Abstract

Complexity of the ventricular tachycardia (VT) substrate and the size and thickness of infarction area border zones differ based on location of myocardial infarctions (MIs). These differences may translate into heterogeneity in the effectiveness of treatments. This study aims to examine the influence of infarct location on the effectiveness of VT ablation in comparison with escalated pharmacological therapy in patients with prior MI and antiarrhythmic drug (AAD)-refractory VT. VANISH trial participants were categorized based on the presence or absence of an inferior MI scar. Inverse probability of treatment weighted Cox models were calculated for each subgroup. Of 259 randomized patients (median age 69.8 years, 7.0% women), 135 had an inferior MI and 124 had a non-inferior MI. Among patients with an inferior MI, no statistically significant difference in the composite primary outcome of all-cause mortality, appropriate implantable cardioverter-defibrillator (ICD) shock, and VT storm was detected between treatment arms [adjusted hazard ratio (aHR) 0.80, 95% confidence interval (CI) 0.51-1.20]. In contrast, patients with non-inferior MIs had a statistically significant reduction in the incidence of the primary outcome with ablation (aHR 0.48, 95% CI 0.27-0.86).
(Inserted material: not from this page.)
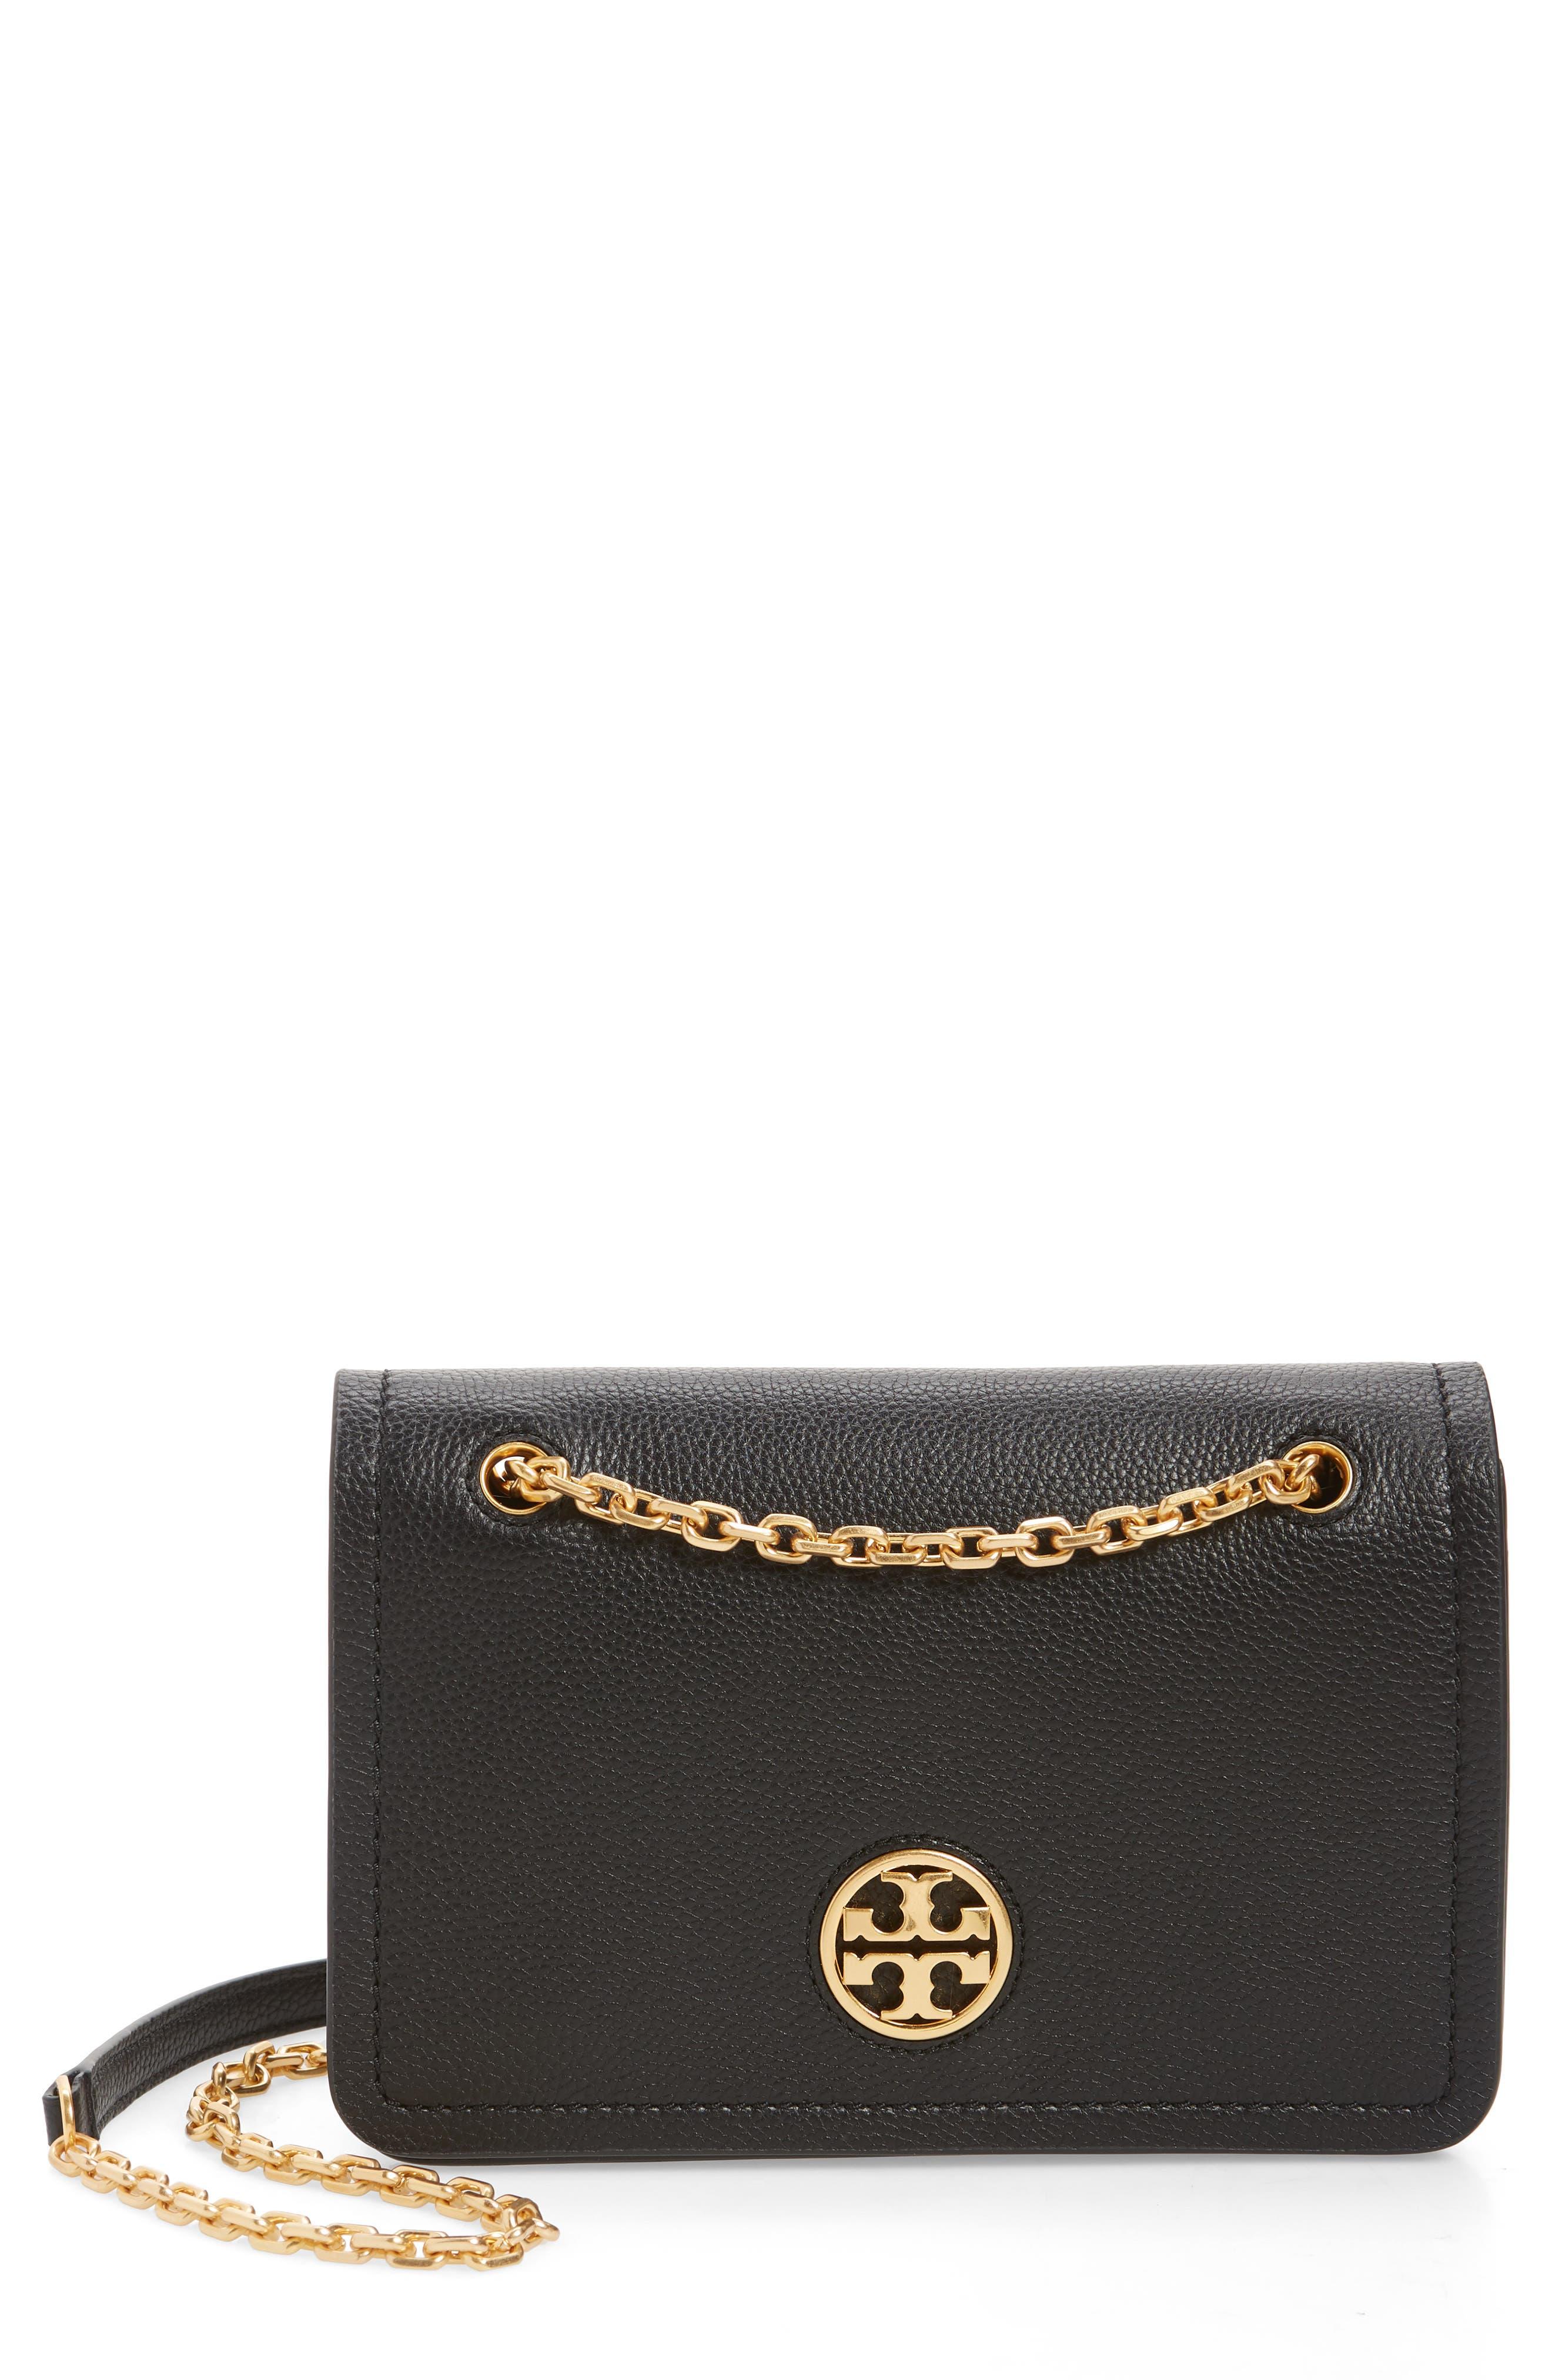 Tory Burch Carson Convertible Leather Crossbody Bag in Black | Lyst

In a sensitivity analysis of anterior MI patients (n = 83), a trend towards a reduction in the primary outcome with ablation was detected (aHR 0.50, 95% CI 0.23-1.09). The effectiveness of VT ablation versus escalated AADs varies based on the location of the MI. Patients with MI scars located only in non-inferior regions of the ventricles derive greater benefit from VT ablation in comparison to escalation of AADs in reducing VT-related events.